Adam Osborne introduced the world's first portable computer, the Osborne I, at the West Coast Computer Faire in California in spring 1981. It was an overnight sensation and by the following year the Osborne Computer Corporation had hundreds of employees and was shipping over 10,000 machines a month. However, competition from other portable computers, compounded by business mistakes, forced the company into bankruptcy in September 1983. The rise and fall of Osborne Computer came to symbolise the volatile economy of Silicon Valley.

The son of an English father and a Polish mother, Adam Osborne was born in Bangkok in 1939, where his father, Arthur Osborne, a historian and theologian, taught at the university. Following the Japanese attack on Pearl Harbor, Adam and his mother moved to southern India.

At the age of 11, Adam Osborne was sent to be educated in England, where he was taught in state schools followed by Birmingham University, from which he graduated with a degree in chemical engineering in 1961. He then married and moved to the United States, eventually becoming a naturalised citizen.

After some unhappy experiences working for large engineering corporations, Osborne enrolled at the University of Delaware, from which he received a doctorate in chemical engineering in 1968. His doctoral studies had given him experience in computer techniques, and he then took a job involving computers with Shell Oil in Emeryville, California. Unable to adapt to the culture of a big corporation, Osborne moved into technical writing, for which he proved to have a great flair.

In 1975, Osborne wrote An Introduction to Microcomputers. The book was self-published and hit the market just as the personal computer revolution was taking off. It eventually sold over 300,000 copies. He turned his success into a major publishing operation, which produced 40 personal-computing titles – of which he wrote 12 himself. During this period Osborne also became a columnist in the top-selling InfoWorld computer magazine and was a sought-after computer pundit, celebrated for his iconoclasm. In 1979 his publishing company was bought by McGraw-Hill, where it still thrives as McGraw-Hill/Osborne Media.

Osborne formed the Osborne Computer Corporation in 1981. The first product was the Osborne I portable computer. Weighing 23 pounds and the size of a small suitcase, the machine was often described as "luggable" rather than portable. A unique selling point of the computer was that it came with a software bundle consisting of a word-processor program, a spreadsheet and other popular application programs; in this way users could have the computer up and running without the need to buy additional software. It was said that the retail value of the software was more than the computer's $1,795 selling price.

More than 100,000 Osborne I computers were eventually sold across the United States and in Europe. However, competition soon arrived in the form of portable computers from Compaq and Kaypro. In addition, the IBM-compatible computer was becoming the industry standard, making other designs obsolete. This competition, made worse by some strategic marketing errors, led to a huge inventory of unsold machines resulting in bankruptcy in September 1983. The extraordinary story of the Osborne Computer Corporation – boom to bust in three years – was told at length in Osborne's book Hypergrowth, published in 1984.

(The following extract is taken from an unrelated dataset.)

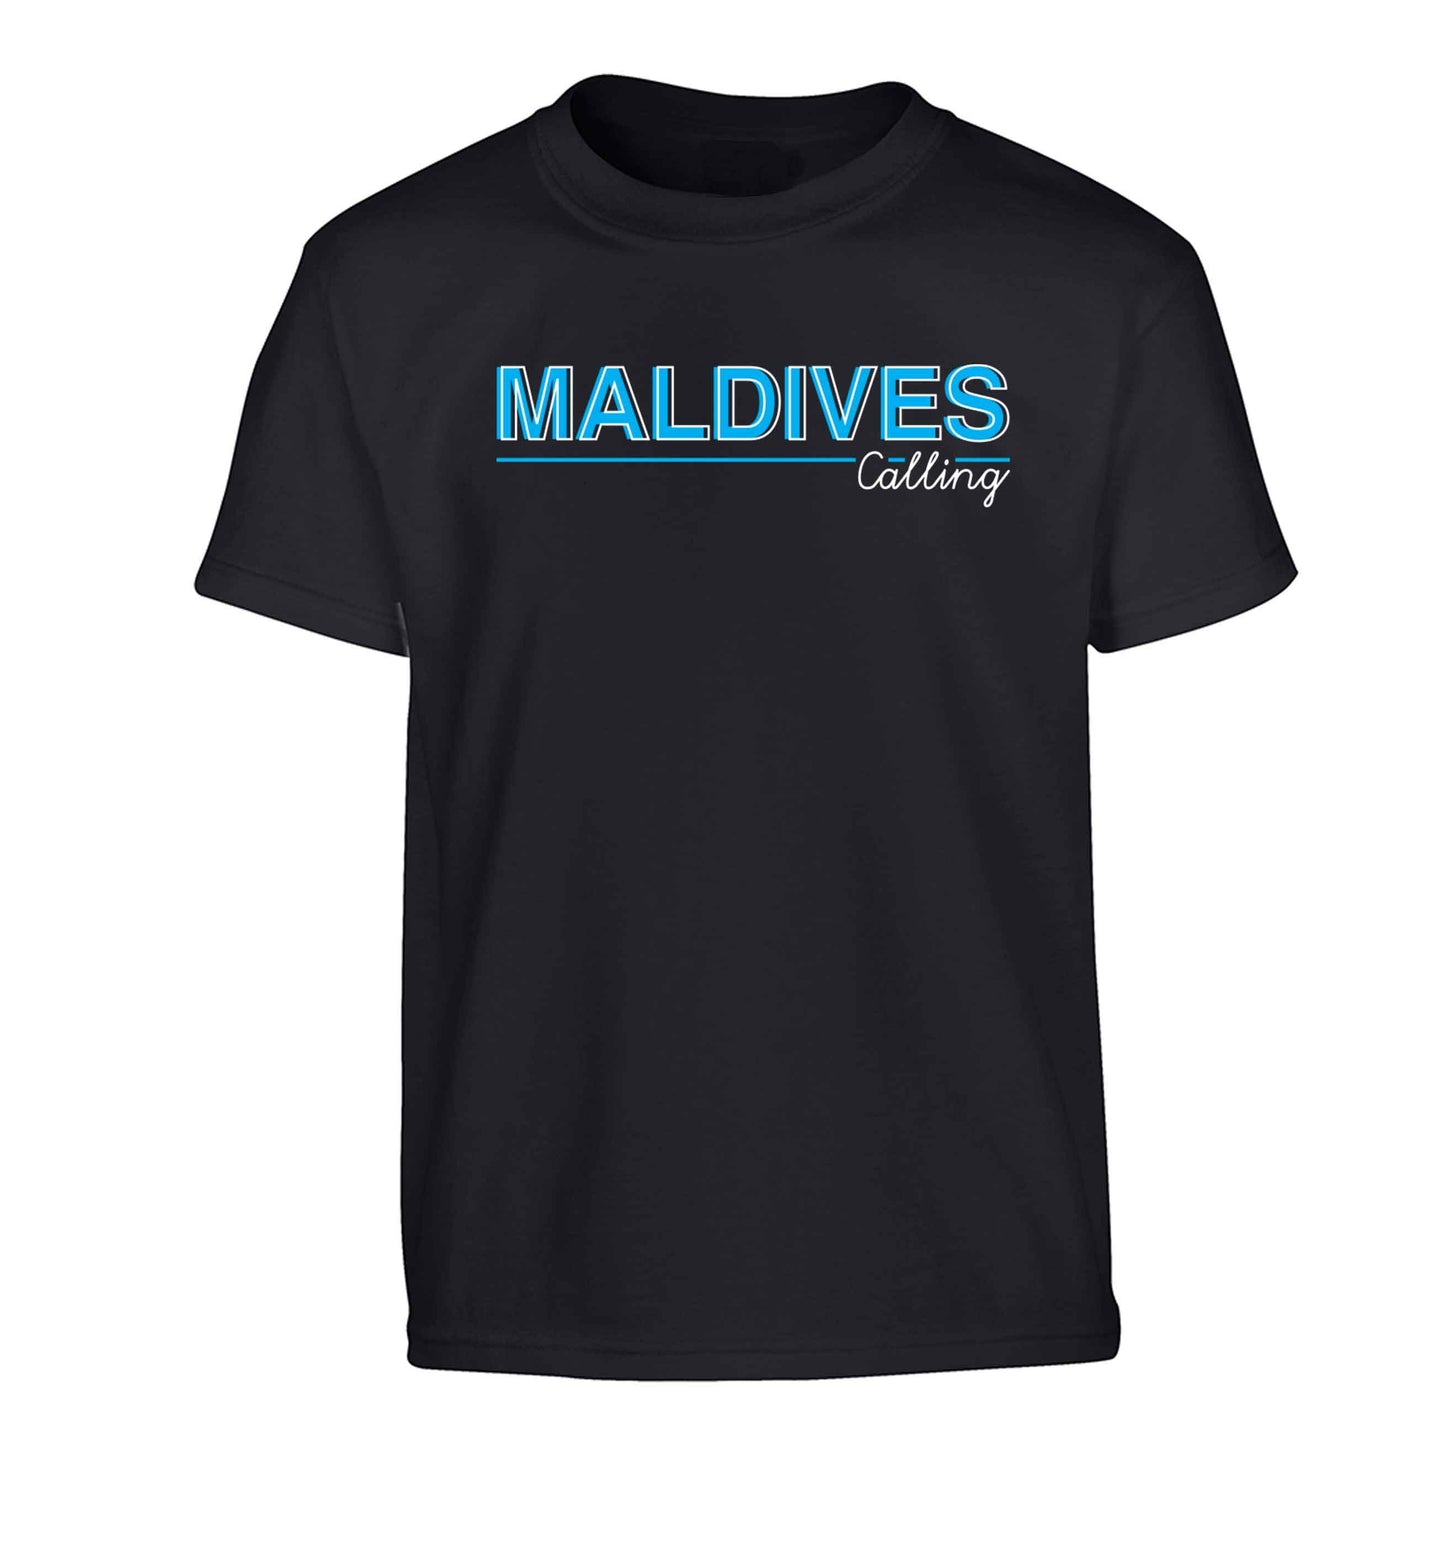 Maldives calling Children's black Tshirt 12-13 Years
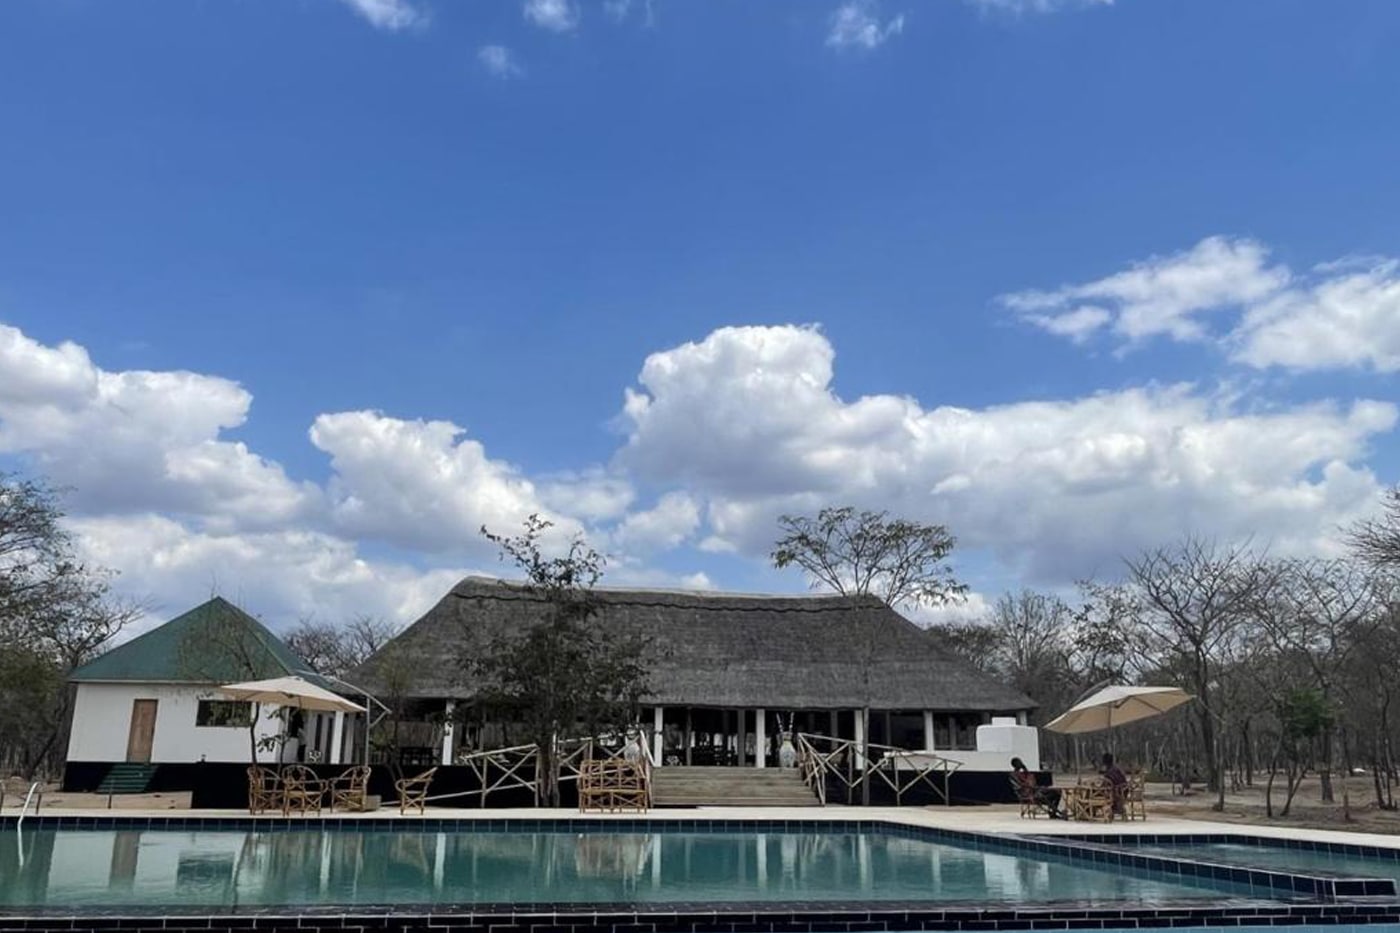 Camp atupele - boende i mikumi nationalpark - easy travel tanzania

Undaunted by the failure of his company, Osborne began a new venture, Paperback Software International, in 1984. His idea was to sell software at low prices, through ordinary bookshops instead of software retailers. His most successful product was a $99 spreadsheet VP-Planner, a clone of the popular Lotus 1-2-3 spreadsheet that sold for $495. Unfortunately for Osborne, the Lotus Development Corporation filed suit for infringement in 1987. While the case was pending, sales plummeted and Osborne left the company in 1990. In a landmark ruling that June, it was held that VP-Planner had copied the "look and feel" of 1-2-3 and the product had to be withdrawn from the market.

In 1992 Osborne contracted a brain disorder, which led to a series of mini-strokes. He decided to return to India to spend the remainder of his days with his sister Katya Douglas.